I remember one day back in the 1970’s, we had a local radio DJ who interrupted a song and came on the radio and started yelling for people to “get out of your car and get in a ditch”! because a tornado had arrived. Me and the friend I was riding with looked out the windows of the car and saw that the sky was just as clear as a bell and there was no storm front in sight, although there was a storm approaching from the northwest. We were wondering what the radio DJ was smoking.
What had happened was they had a wind velocity instrument at the radio station, and it somehow got broken and was showing the winds to be blowing 100 mph and the DJ thought a tornado was upon us! So he put out the warning over the radio. A few minutes later he came back on the air and said in effect “never mind” and explained what had taken place. We had a good laugh over that one. 🙂
Max Dupilka, I agree completely.

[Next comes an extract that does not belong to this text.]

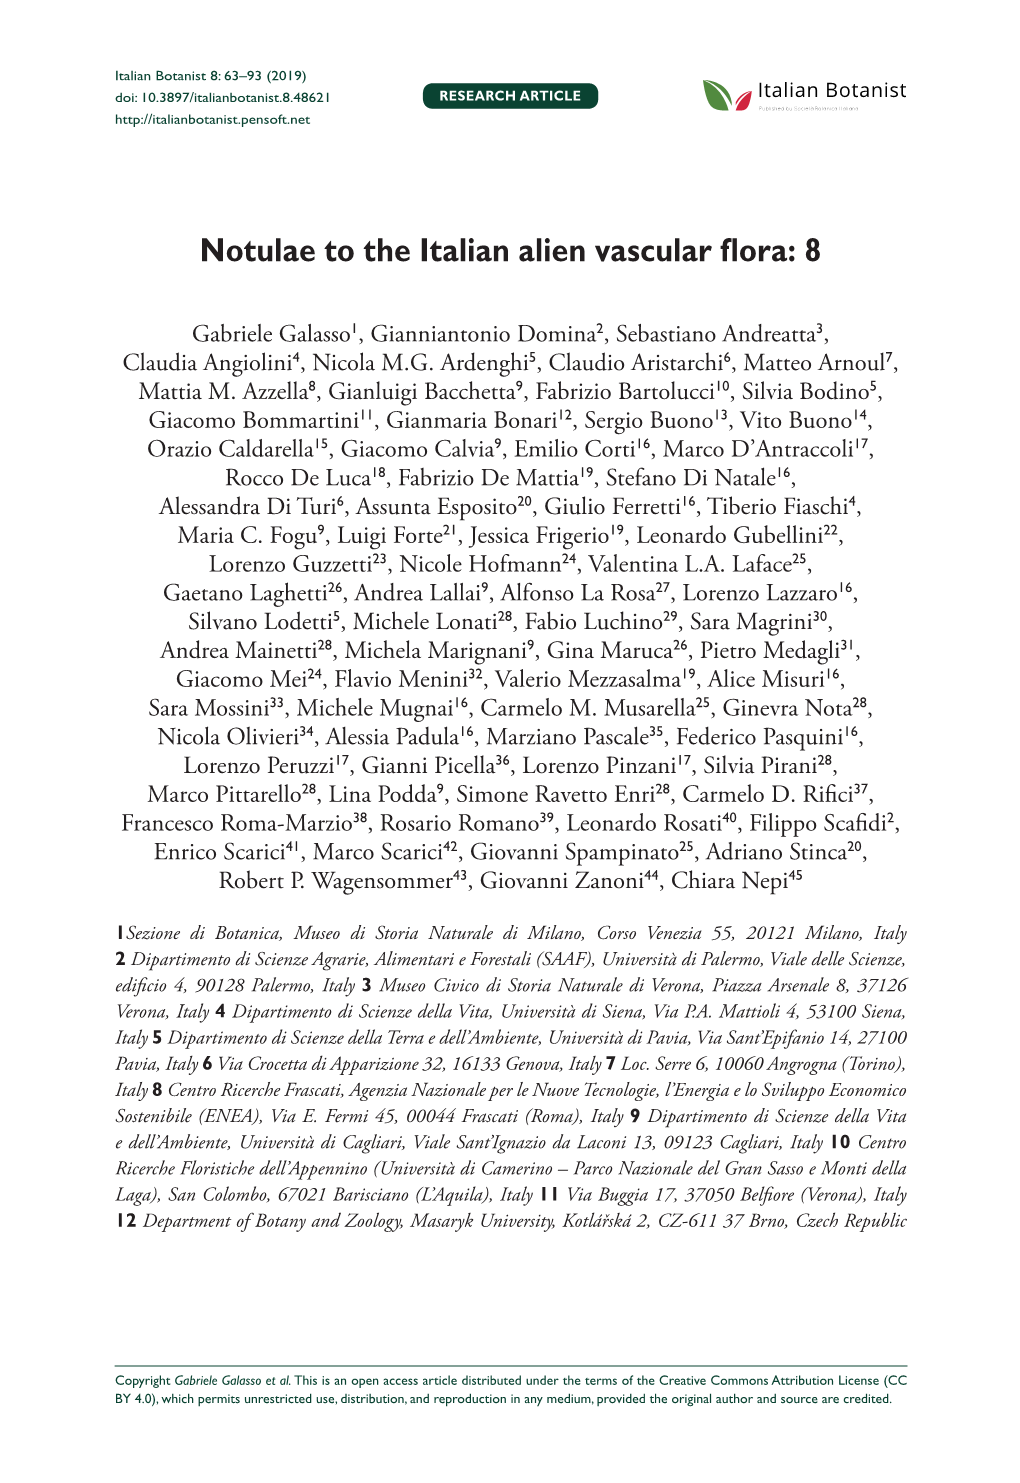 Notulae to the Italian Alien Vascular Flora: 8 63 Doi: 10.3897/Italianbotanist.8.48621 RESEARCH ARTICLE

Those of us who railed against losing human observers at the expense of less able but somewhat more numerous automated equipment, as well as poor positioning of some radars and offices, lost out significantly in tangible and intangible ways. Sadly, newer forecasters and warners are not educated as observers were, and thus have lost out on the ability to use that knowledge in their duties. Almost on one knows what BINOVC or W0X0F means any more!
WOXOF. now there is a word I have not seen in a while 🙂
For my next career, I’d like to become the person who comes up with acronyms for NASA spacecraft and launch vehicles. I would rename the (never-to-fly) Space Launch System the “Flexible, Advanced Rocket Transportation System.”